Las muertes de menores de 18 años en hechos violentos en los últimos años tienen múltiples móviles. Por mencionar solo algunos, para este informe se tuvieron en cuenta los robos en los cuales son víctimas y/o victimarios, la violencia de género, los conflictos intrafamiliares, los muertos por balas de fuerzas de seguridad y disputas entre bandas o ataques a sus viviendas. En ese marco, y en forma totalmente aleatoria, algunos de los casos que se contabilizaron en los últimos años son los siguientes:

  • Robo: La noche del 4 de octubre de 2013 dos ladrones armados ingresaron a un autoservicio de Neuquén y Garzón con fines de robo. Uno de ellos portaba un revólver calibre 22 largo y Eduardo Traversa, dueño del negocio, tenía una pistola calibre 9 milímetros con la que resistió el atraco. Gonzalo Bai, de 17 años y sin antecedentes penales, recibió cuatro balazos del arma del comerciante y murió en el lugar. Don Romeo, de 86 años y padre de Eduardo, fue alcanzado por dos tiros y murió dos días después.

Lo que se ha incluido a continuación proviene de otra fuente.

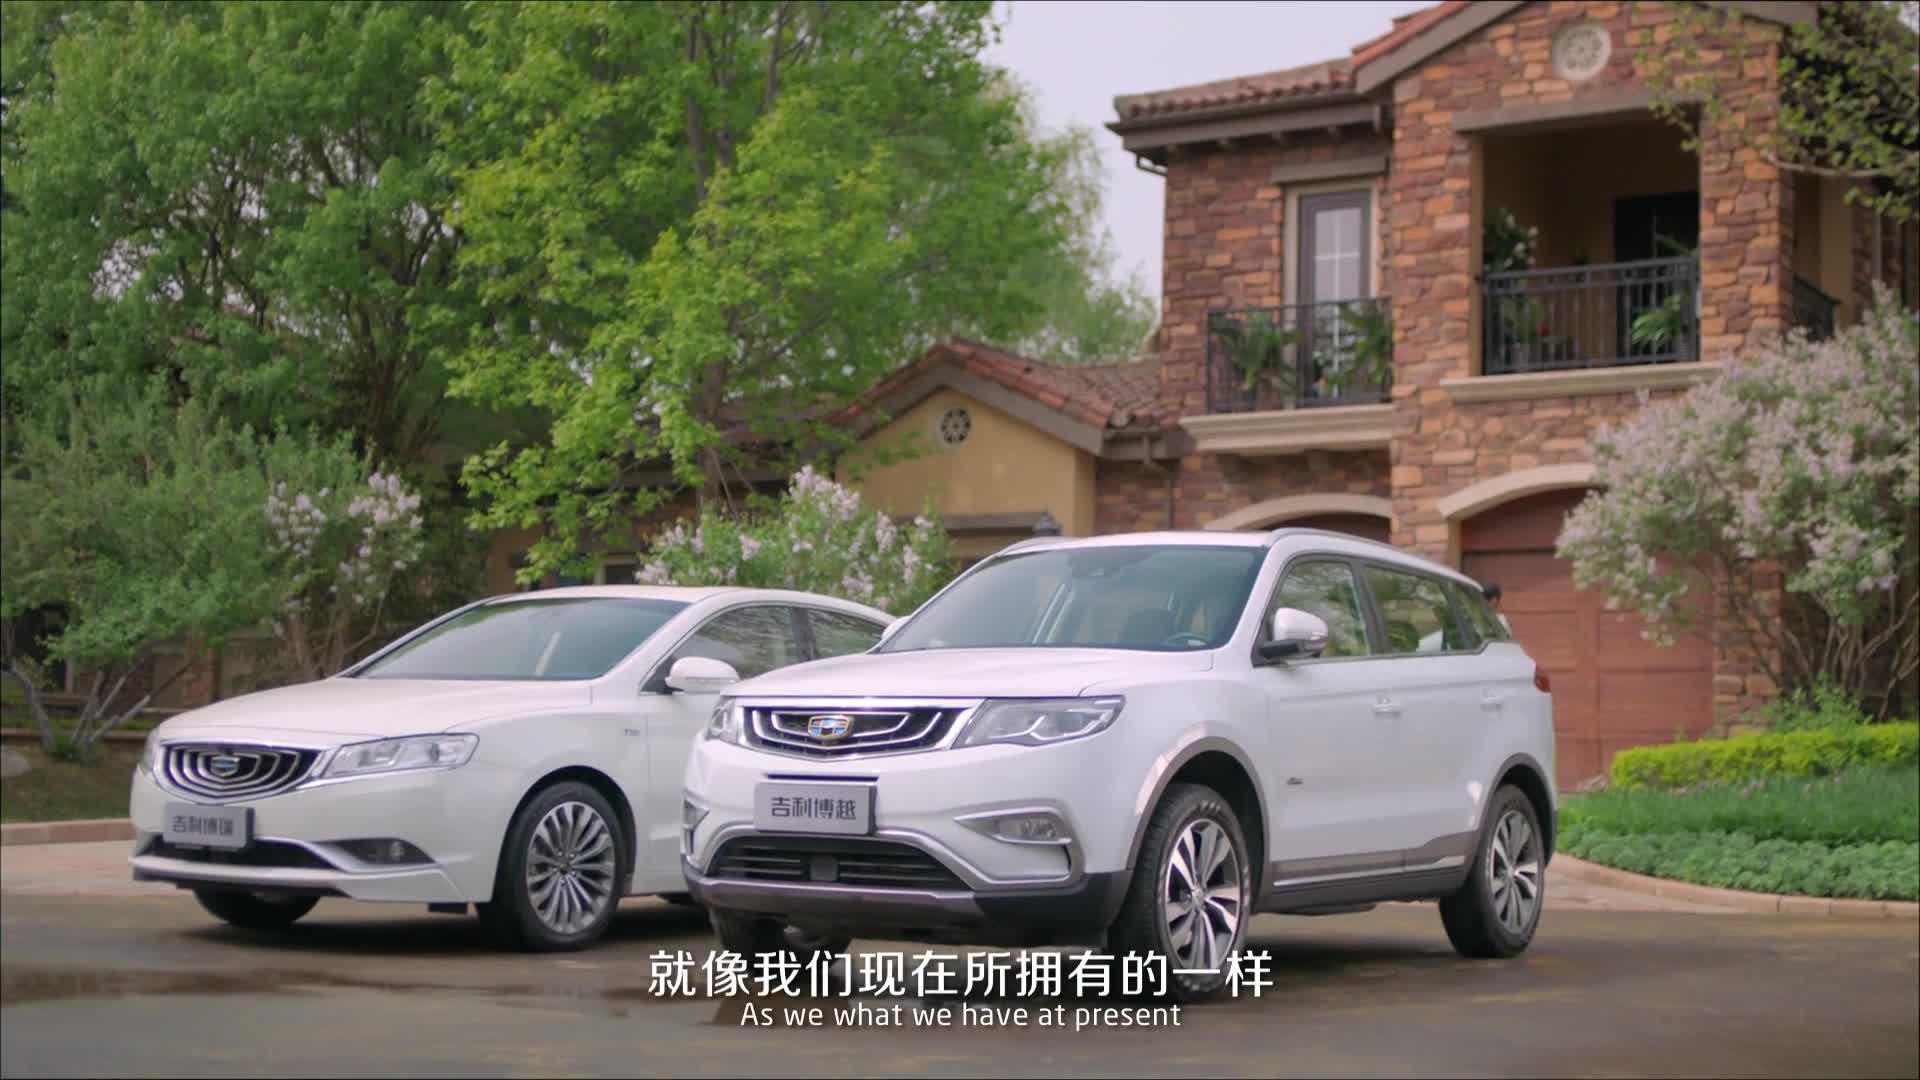 吉利汽车 -《iNTEC》- 北京莲雾广告有限公司制作

  • Fuerza de seguridad: Jonatan Flores tenía 17 años y murió en un tiroteo que se produjo la noche del 4 de agosto de 2014 entre el agente de Prefectura Naval Amilcar A., de 28 años, y un grupo de muchachos que intentó asaltarlo cuando se encontraba con su novia en Eudoro Carrasco al 4200, cerca del puente Rosario-Victoria. Entonces, los pesquisas dijeron que el menor contaba con antecedentes penales y era parte del grupo de asaltantes.

  • Conflicto intrafamiliar: La tarde del 24 de agosto de 2015 Brenda Pacheco, de 17 años, se encontraba dentro de su vivienda de Platón al 1600, en el barrio Las Flores, con su sobrino en brazos. En la puerta de la vivienda se hallaban su mamá y sus dos hermanas. Entonces Marcelo Pacheco, tío de la adolescente, llegó al lugar con un arma de fuego buscando saldar un viejo conflicto con su hermano. Primero disparó contra las tres mujeres que estaban en la vereda y todas resultaron heridas de gravedad. Luego entró a la vivienda y sin miramientos asesinó a su sobrina con un balazo en la cabeza. La semana pasada Pacheco fue condenado por ese crimen a 24 años de cárcel.

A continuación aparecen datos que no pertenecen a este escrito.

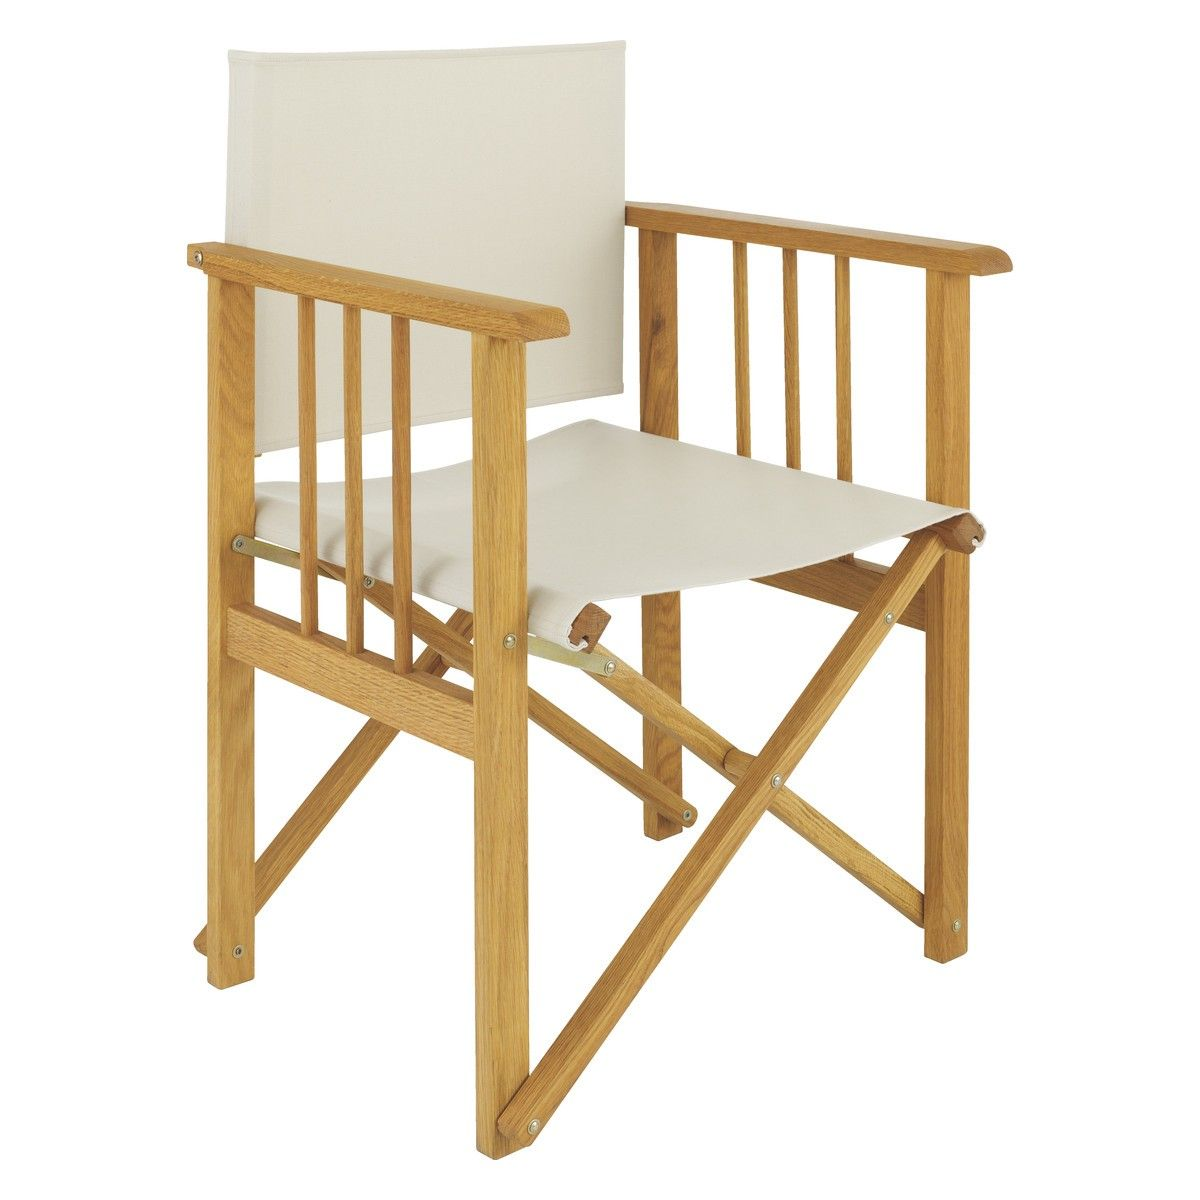 Beautiful AFRICA Oak Directors Chair Frame | Buy Now At Habitat UK

  • Violencia de género: Guadalupe Medina tenía apenas 12 años y vivía con sus padres y siete hermanos en una casilla de villa Banana. La mañana del 25 de mayo de 2016 un vecino la encontró sin vida en una casa a medio levantar de Lima al 2900. Fue estrangulada y tenía heridas en el cuello, la lengua, la ingle, la vagina, la zona anal y la pierna derecha. La autopsia comprobó que había sido violentamente ultrajada por más de una persona. En diciembre de 2018 y tras varios vaivenes judiciales con distintos imputados, la Justicia acusó a Sergio Javier S. por el atroz hecho. El muchacho, por entonces, ya estaba preso por una condena que le habían dictado por un ataque similar cometido en el mismo barrio seis meses más tarde y cuyo ADN se corresponde en un 100 por ciento con el hallado en la boca, la vagina y las manos de Guadalupe.

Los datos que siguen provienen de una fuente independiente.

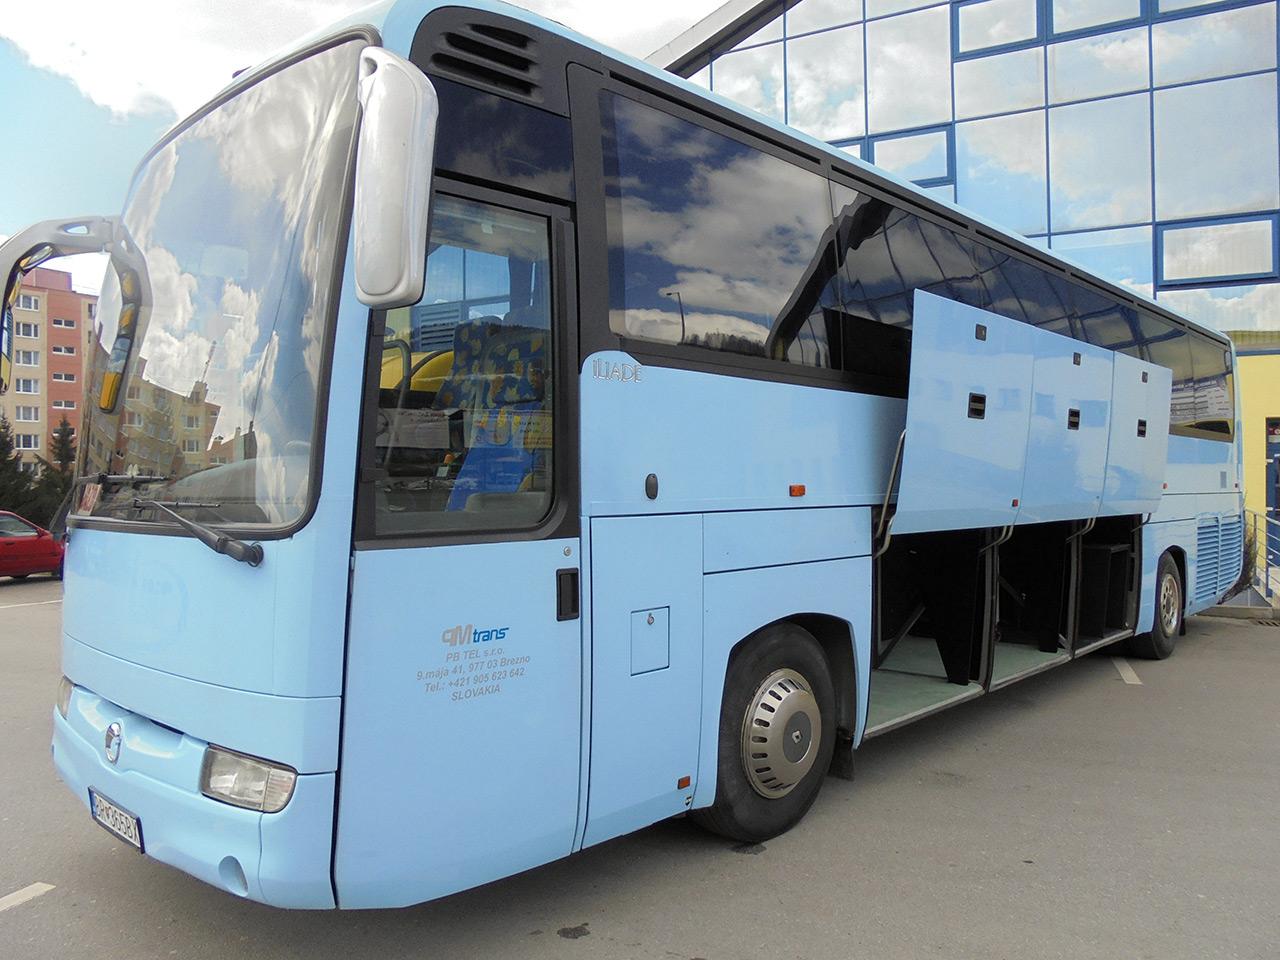 autobusova-doprava-2

  • Conflictos de bandas: El domingo 25 de junio de 2017 Micaela Dulce Duarte, de 5 años, estaba en la casa de su familia ubicada en Calle 1886 al 4300, en el barrio Avellaneda Oeste, donde su mamá tenía una pequeña granja. Allí mismo, cuatro meses antes habían asesinado de un tiro a su papá. Entonces pasaron por el lugar dos motos con cuatro muchachos que balearon el frente del comercio sin mediar palabras. Un proyectil alcanzó a la nena en la cabeza y la mató. El fiscal Adrián Spelta dijo entonces que el trágico episodio “fue consecuencia de una disputa entre dos grupos que se disputan el territorio, uno de los cuales como represalia por una pelea anterior se acercó a la vivienda y realizó una serie de disparos”. Por el demencial ataque fue apresado horas más tarde Enzo L., quien tenía 17 años y quedó a disposición del Juzgado de Menores.